Police confirmed this week that four teenagers face charges relating to August's riots after officers received help from Haverstock and Hampstead secondary schools.
Images of suspects had been circulated through Camden’s schools as part of the police investigation.
Jacques Szemalikowski, headteacher at Hampstead School in Westbere Road, defended the school’s actions saying it was “duty bound” to work with the police. Numerous attempts to contact John Dowd, head of Haverstock, were made yesterday (Wednesday) but he could not be reached.
Mr Szemalikowski said: “If the police are pursuing any criminal investigation we are duty bound to be willing to help them. It is in the interest of society, pupils and the parents of our pupils and the school as a whole. If the police are pursuing a criminal act and come to us as part of their investigation then clearly we are duty bound to help them.”
He added: “Our helping the police is a small part of our school’s wider discussion of the riots which includes education, assemblies and discussion. My first assembly of the year was about how to protest and a reflection on what happened in Camden and across London.”
He said: “One of the things we never do at Hampstead is keep well out of things or sweep important things under the carpet – instead we need a robust and honest reaction and discussion. In this case we clearly should have co-operated with the police – and it is important to remember these people may not be guilty and they may well be exonerated.”
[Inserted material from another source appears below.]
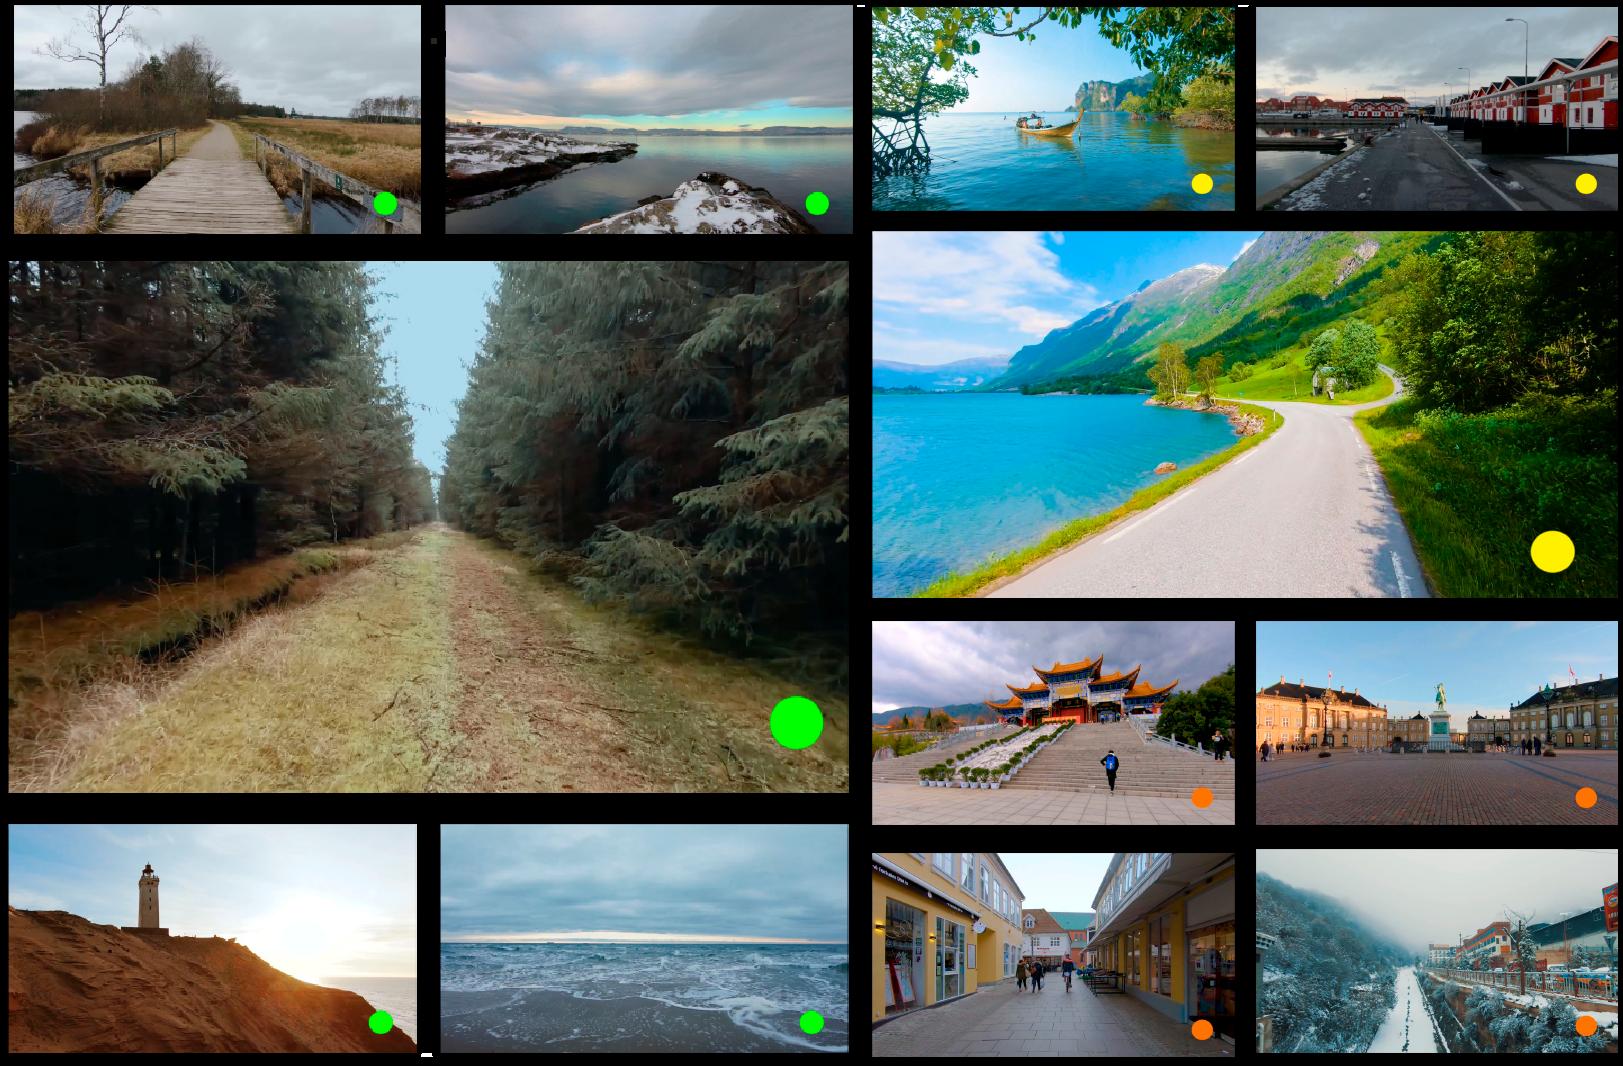 Nye videoer hver uge - Hver uge kommer helt nye videoer fra hele verden direkte til din stue!

But the role of schools in the detective work has been described as a “hot potato”. Belsize councillor Johnny Bucknell said schools who identified their own students for the riots were treading a “fine line”.
“Would I be happy as a parent if my child was in trouble with the police – and I, as a concerned parent, was trying to convince them to hand themselves in on moral grounds only to find the school has told the police? I don’t think I’d be a happy bunny,” he said.
He added: “This is a real hot potato issue. It is a fine line between the school helping the police with their inquiries as part of their duty of care and the pupils being left with a burning sense of resentment and a serious breakdown in their relationship with their teachers.”
There were chaotic scenes in Chalk Farm Road and Camden High Street on August 8 as groups of rioters fought a running battle with police and looted shops. Joseph Wright, lawyer at Hodge Jones & Allen, one of the biggest legal firms in Camden, said that the help schools provided could have “wide-ranging consequences” for their students.
He said that the schools would not have been compelled by the police to help them identify the rioters. “It is a conflict for them – they have a duty of care to their students and they have to make the decision about whether it is in their student’s interest to get imprisoned,” he said. “People are getting sent to prison for these offences for a number of months if not years – even youths.”
Andrew Baisley, branch secretary of Camden NUT, issued a word of caution last night. He said that it was possible police officers who work in the schools rather than school staff were the ones helping with the investigation which, he said, would amount to “no clear school involvement”.
Camden’s operation Withern, with 11 officers, has been working through 2,500 hours of council CCTV footage in a bid to identify and track down rioters. This week they have released 20 images of their most wanted offenders.
Officers said that they had been arresting rioters at a rate of about six a week. Fifty-six people have been charged so far with 91 offences – 24 with violent disorder. The age range of those charged is between 15 and 35 and some travelled to Camden from as far a field as Enfield, south and south-east London.
Five rioters have already been sentenced since the disorder including two under-18s.
Police said during a press briefing on Thursday that images had been circulated to Camden’s schools. A spokeswoman said: “The schools that have helped with the investigation are Haverstock and Hampstead.”